Instead, I'm going to show you the new job definition, and the matrix setup that goes with it. One thing I learned while doing this is that GitHub's workflow documentation does not really give the matrix feature justice because they use such simple examples. Here's the matrix definition I came up with for our new job definition. I'll briefly explain how the matrix feature works in case you are unfamiliar with it:

# .github/workflows/ci.yml
tests:
  name: ${{ matrix.make.name }} (${{ matrix.os }})
  runs-on: ${{ matrix.os }}
  strategy:
    fail-fast: false
    matrix:
      os: [ubuntu-latest, macos-latest]
      rust: [stable]
      make:
        - name: Clippy
          task: "check-clippy"
        - name: Unit tests
          task: "build-all-test run-all-unit-test"
        - name: Doc tests
          task: "run-all-doc-test"
      include:
        - os: ubuntu-latest
          sccache-path: /home/runner/.cache/sccache
        - os: macos-latest
          sccache-path: /Users/runner/Library/Caches/Mozilla.sccache
      exclude:
        - os: macos-latest
          rust: stable
          make:
            name: Clippy

The part of this that we're interested in is the matrix object. Notice that it is a proper key-value object, it has keys os, rust, and make. These keys are arbitrary, you can choose any names that you want for them. I like to think of them as the "dimensions" of the matrix. The value at each of these keys must be a list:

For the key os, the list is [ubuntu-latest, macos-latest].
For the key rust, we have a list with a single element: [stable].
And even though the value under make looks different, notice that it is still a list, it is just a list of more yaml objects.

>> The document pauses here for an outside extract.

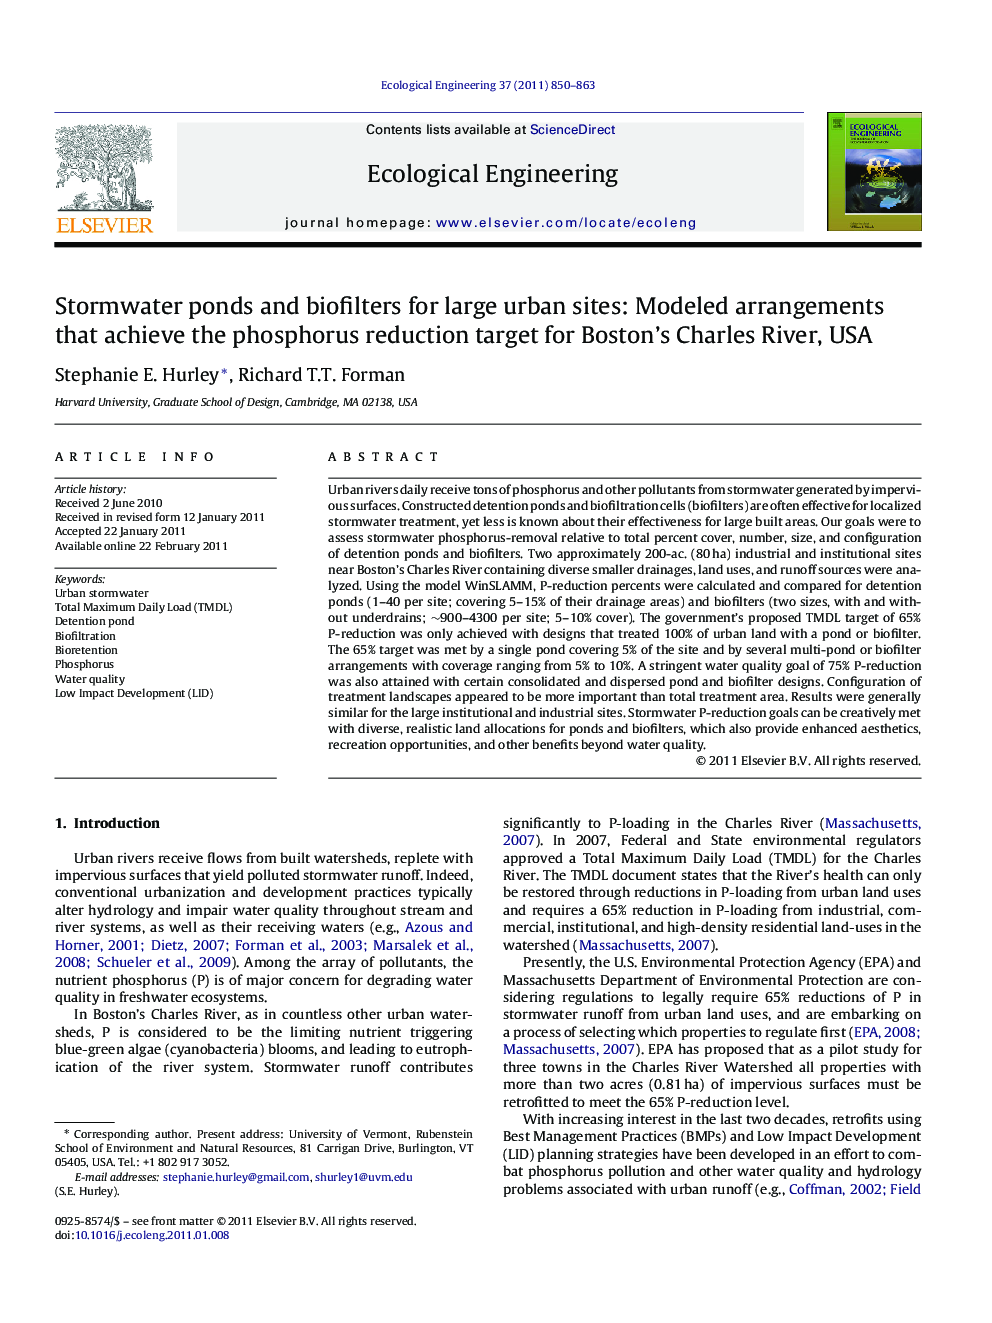 Stormwater ponds and biofilters for large urban sites: Modeled arrangements that achieve the phosphorus reduction target for Boston's Charles River, USA

When GitHub Actions reads your job definition, it performs a sort of cross-product on each entry in your matrix, creating a list of all the combinations of items in your lists. For this matrix definition, GitHub will generate the following list of configurations to run the job with:

- os: ubuntu-latest
  rust: stable
  make:
    name: Clippy
    task: "check-clippy"
- os: macos-latest
  rust: stable
  make:
    name: Clippy
    task: "check-clippy"
- os: ubuntu-latest
  rust: stable
  make:
    name: Unit tests
    task: "build-all-test run-all-unit-test"
- os: macos-latest
  rust: stable
  make:
    name: Unit tests
    task: "build-all-test run-all-unit-test"
- os: ubuntu-latest
  rust: stable
  make:
    name: Doc tests
    task: "run-all-doc-test"
- os: macos-latest
  rust: stable
  make:
    name: Doc tests
    task: "run-all-doc-test"

In the rest of the job definition, you can access the fields of the active configuration using the ${{ matrix.KEY }} syntax. You can see in the job definition above that this is used in the line runs-on: ${{ matrix.os }}, which is how we tell the runner which type of machine to run the job on.

Include and Exclude rules

You may be wondering right now, "Hey, what happened to include and exclude? They didn't get mixed into the matrix!", and you would be right. include and exclude are special keys that allow you to manually edit the resulting configurations.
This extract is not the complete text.